I'm suspicious that this is an incompatibility between pytorch lightning and Mosaic streaming. The Mosaic code to load the datasets is:

from streaming.base.util import clean_stale_shared_memory
from streaming import StreamingDataset, StreamingDataLoader

data_storage_location =...
experiment_name = ...

def get_dataloader_with_mosaic(path, batch_size, shuffle=False):
  # Utility function to clean up stale shared memory during distributed training
  clean_stale_shared_memory()

  # Creating the `StreamingDataset` object and the `StreamingDataLoader` object.
  dataset = StreamingDataset(local=path, shuffle=shuffle, batch_size=batch_size)
  return StreamingDataLoader(dataset, batch_size=batch_size, num_workers=31, drop_last=True, persistent_workers=True), dataset

eval_dataloader, eval_dataset = get_dataloader_with_mosaic(f"{data_storage_location}/mds_{experiment_name}_val", batch_size=256, shuffle=False)
train_dataloader, train_dataset = get_dataloader_with_mosaic(f"{data_storage_location}/mds_{experiment_name}_train", batch_size=32, shuffle=True)
elbamos commented 3 weeks ago

Having traced through the code, what I suspect is happening is that the ddp_notebook strategy is not setting in the forked processes the environment variables that mosaicml is expecting. Mosaicml in the forked processes all think they are rank 0, and they're therefore all trying to write the same shared memory file.

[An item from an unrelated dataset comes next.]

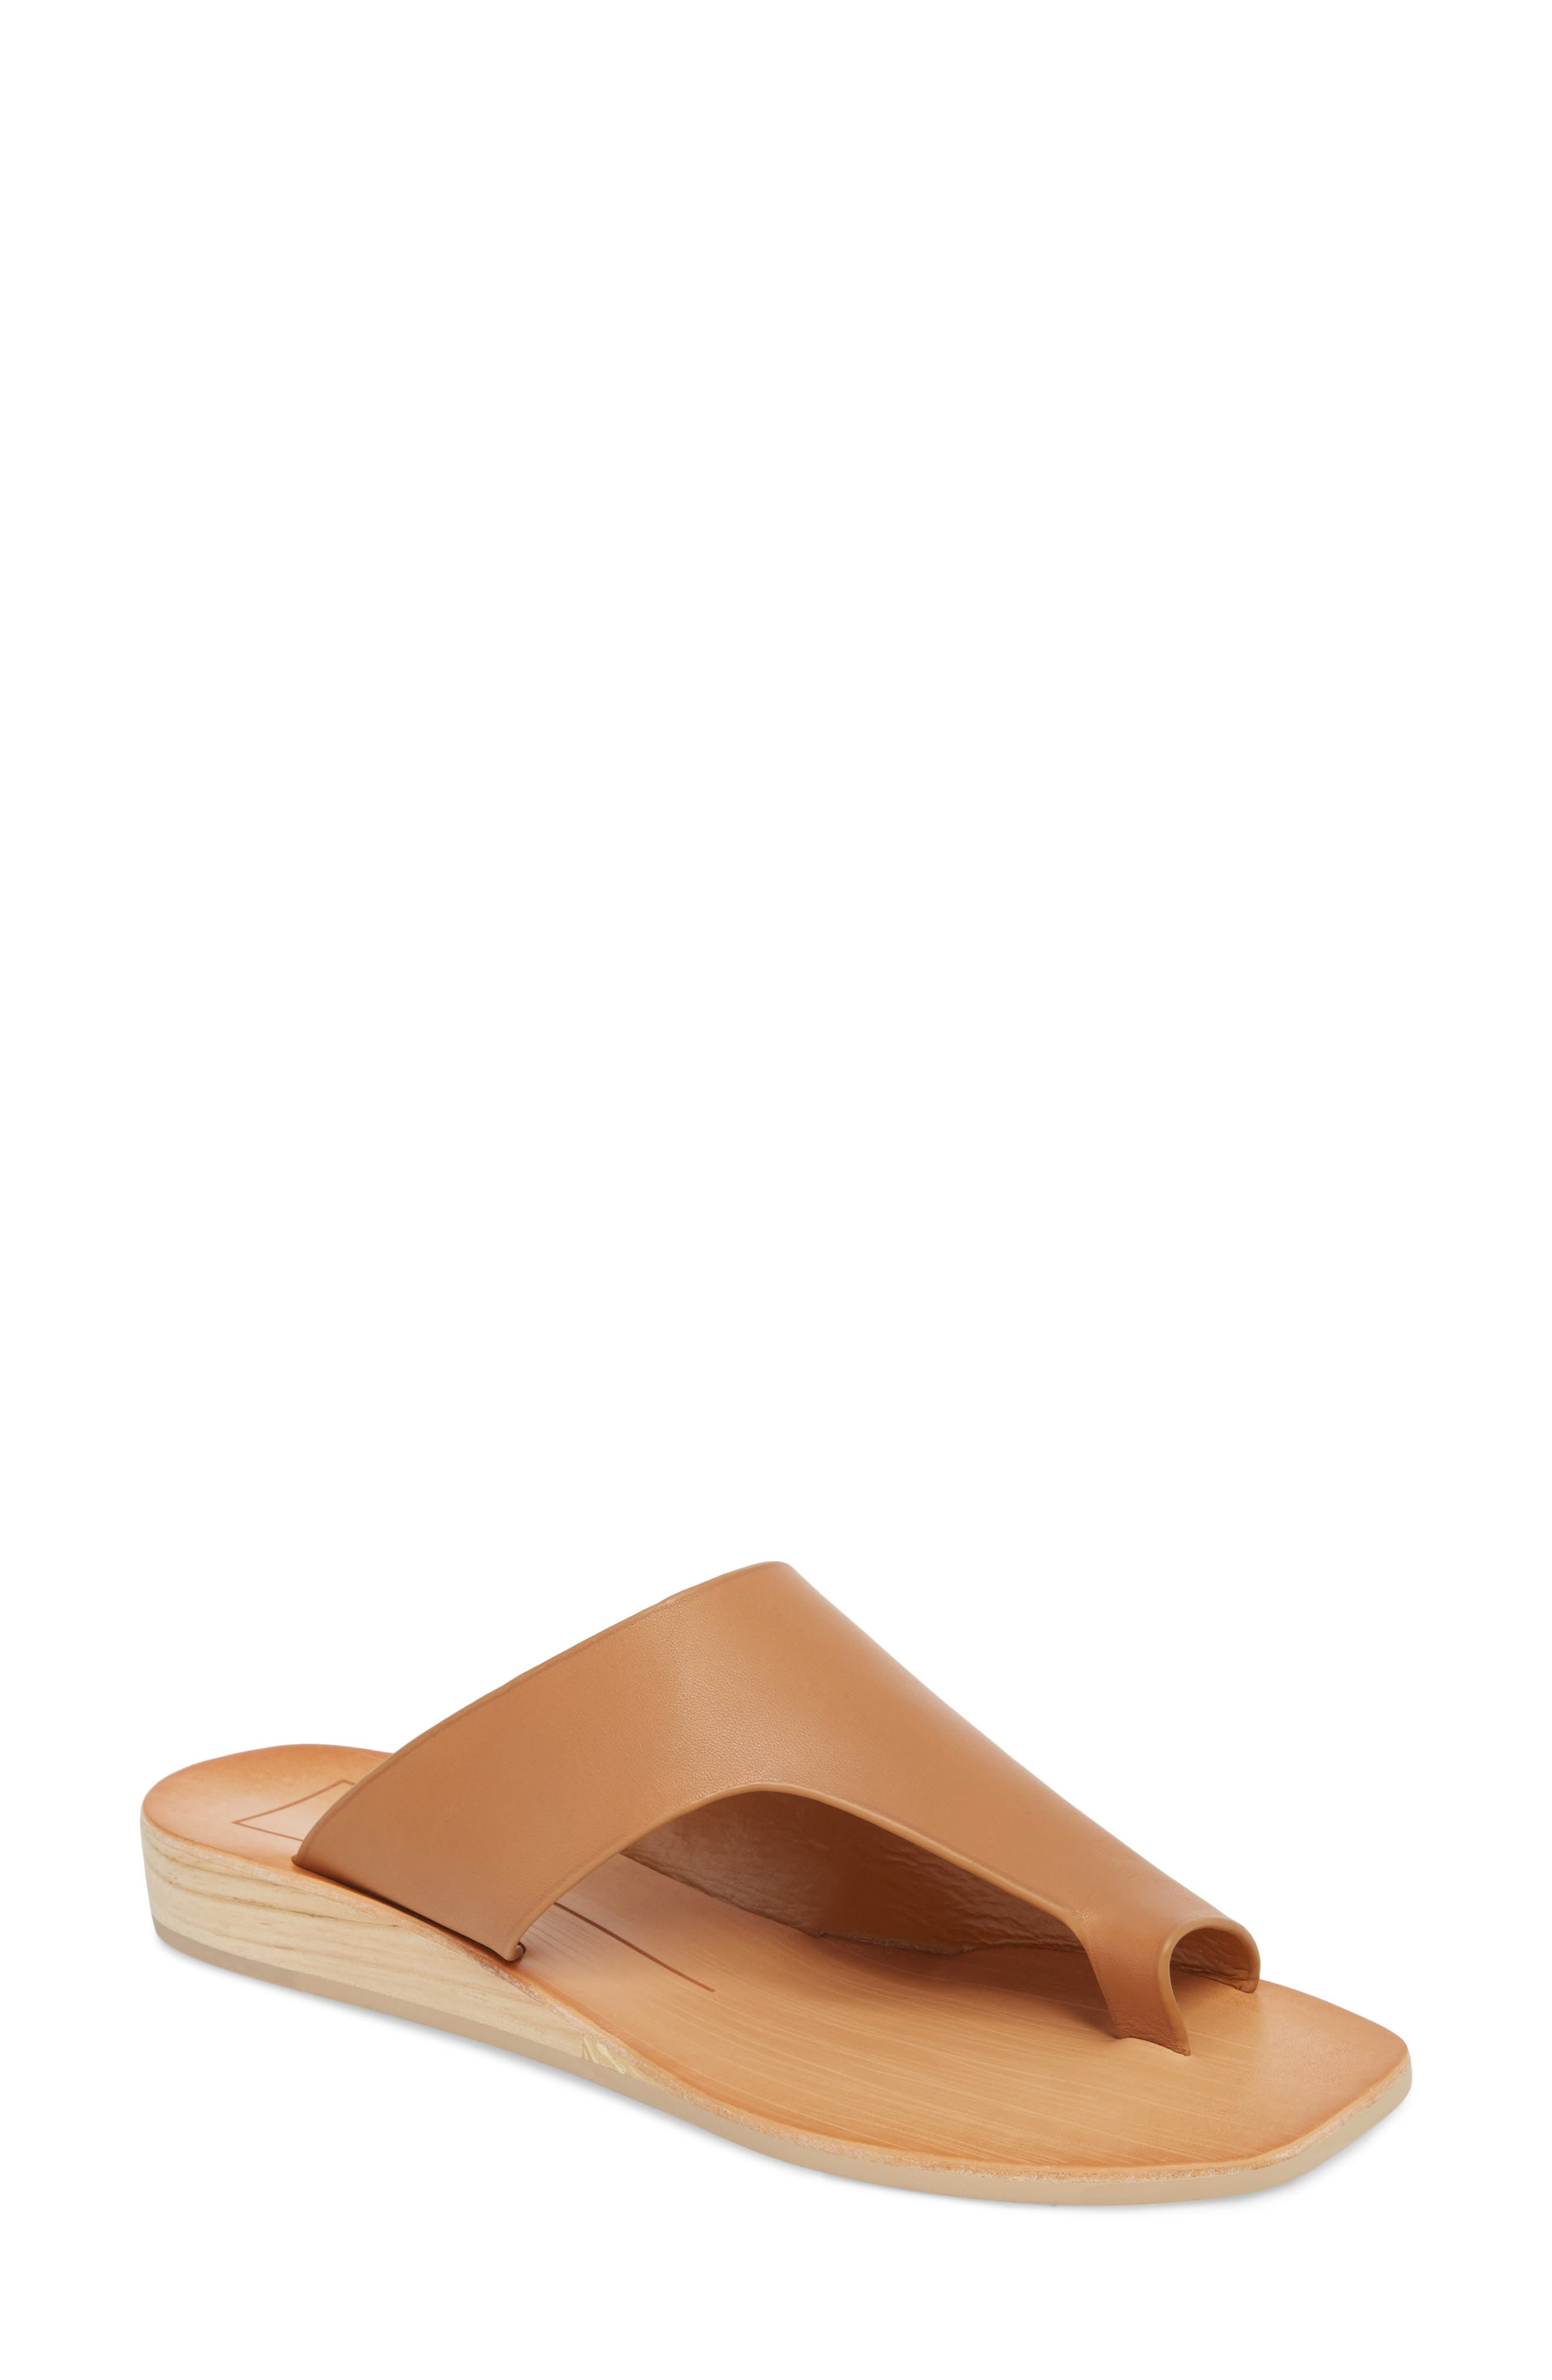 Dolce Vita Women's Hazle Asymmetrical Toe Loop Sandal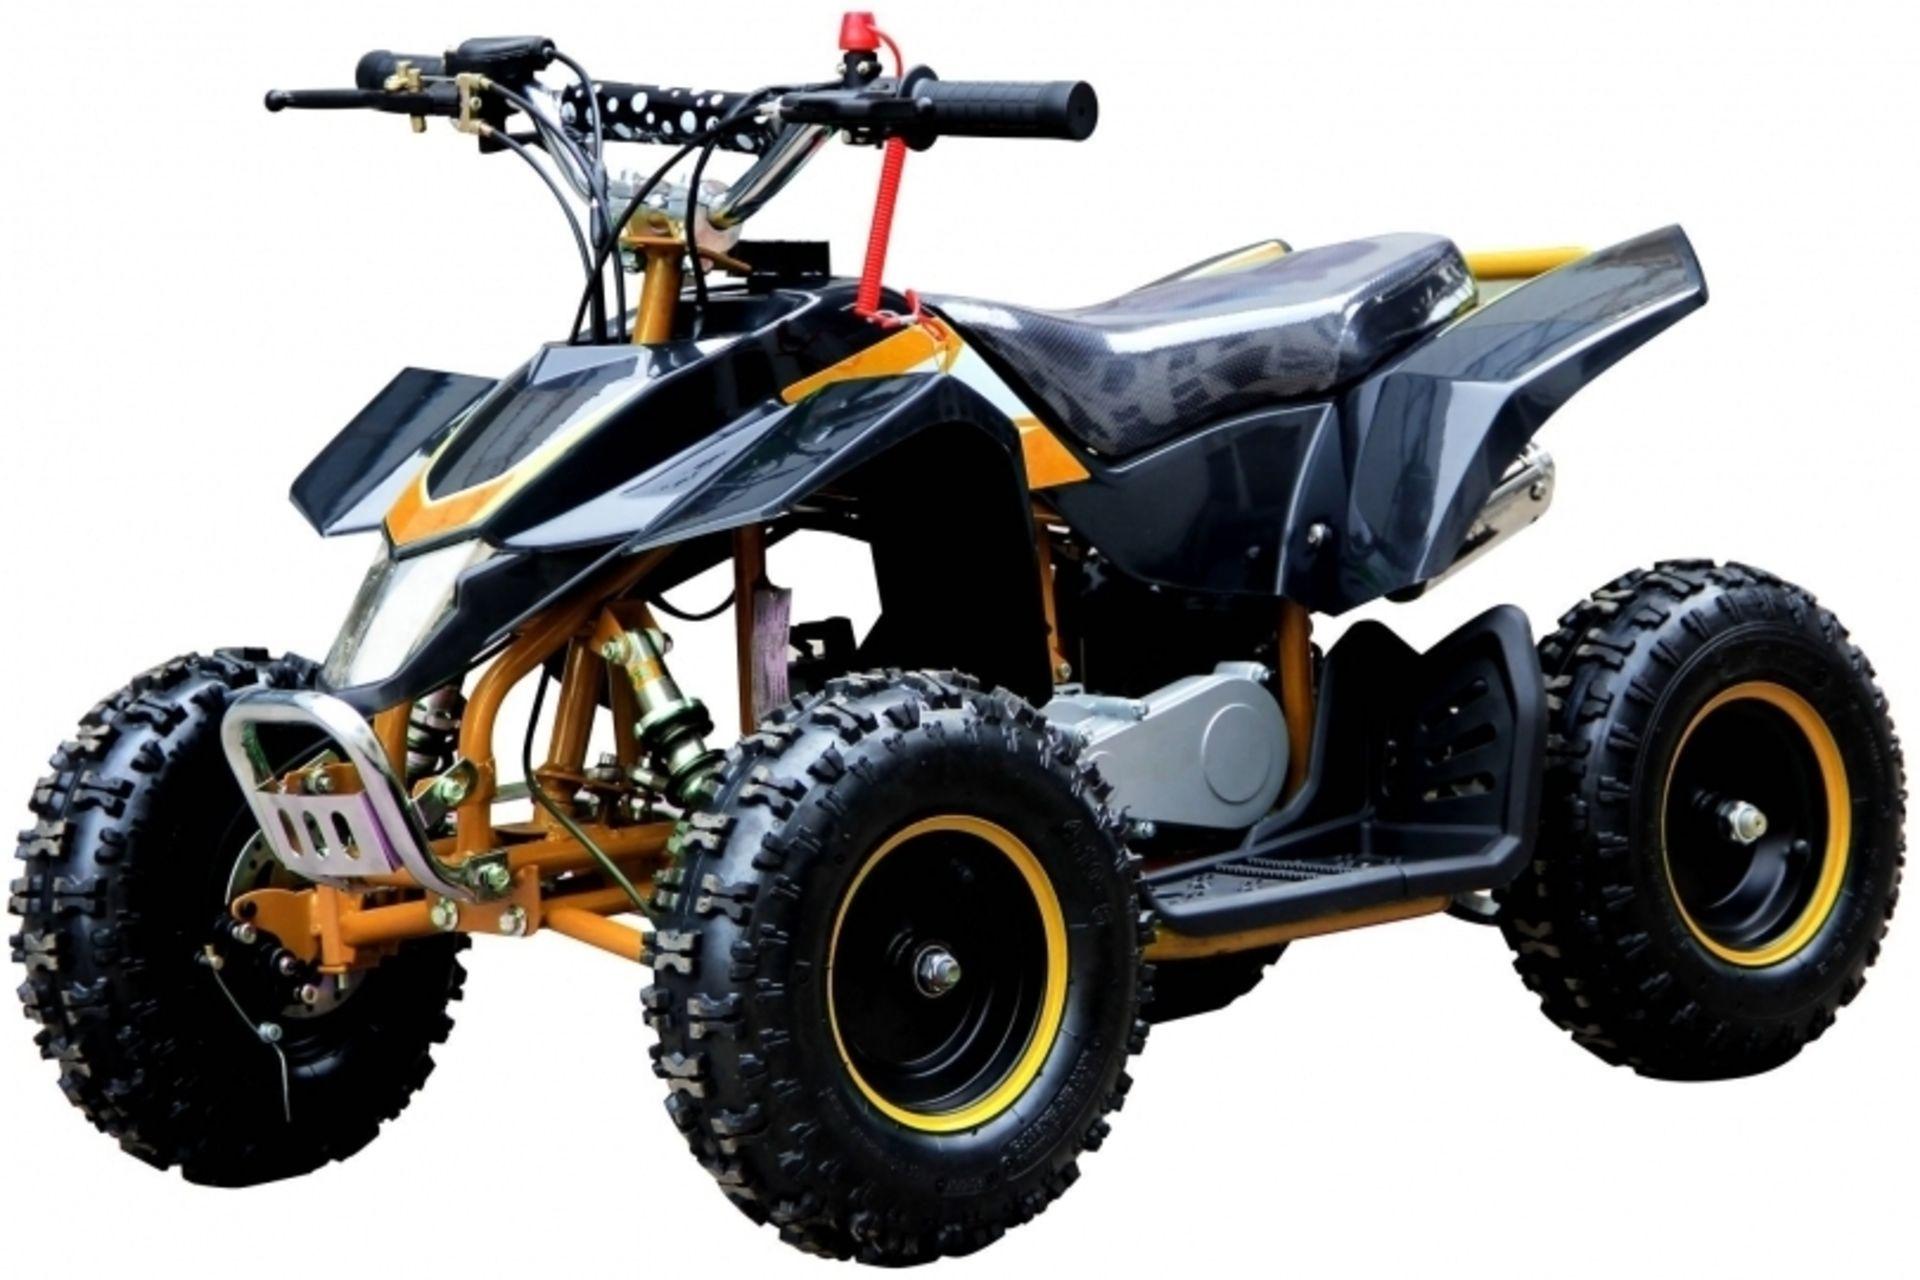 Lot 43018 - V Brand New 50cc Zikai Mini Quad - Colours May Vary

elbamos commented 3 weeks ago

It appears to me that pytorch lightning is setting LOCAL_RANK and NODE_RANK but not RANK, which mosaicml is expecting (and which pytorch sets). https://lightning.ai/docs/pytorch/stable/accelerators/gpu_intermediate.html#distributed-data-parallel Is there any hope of changing this on the lightning side of things?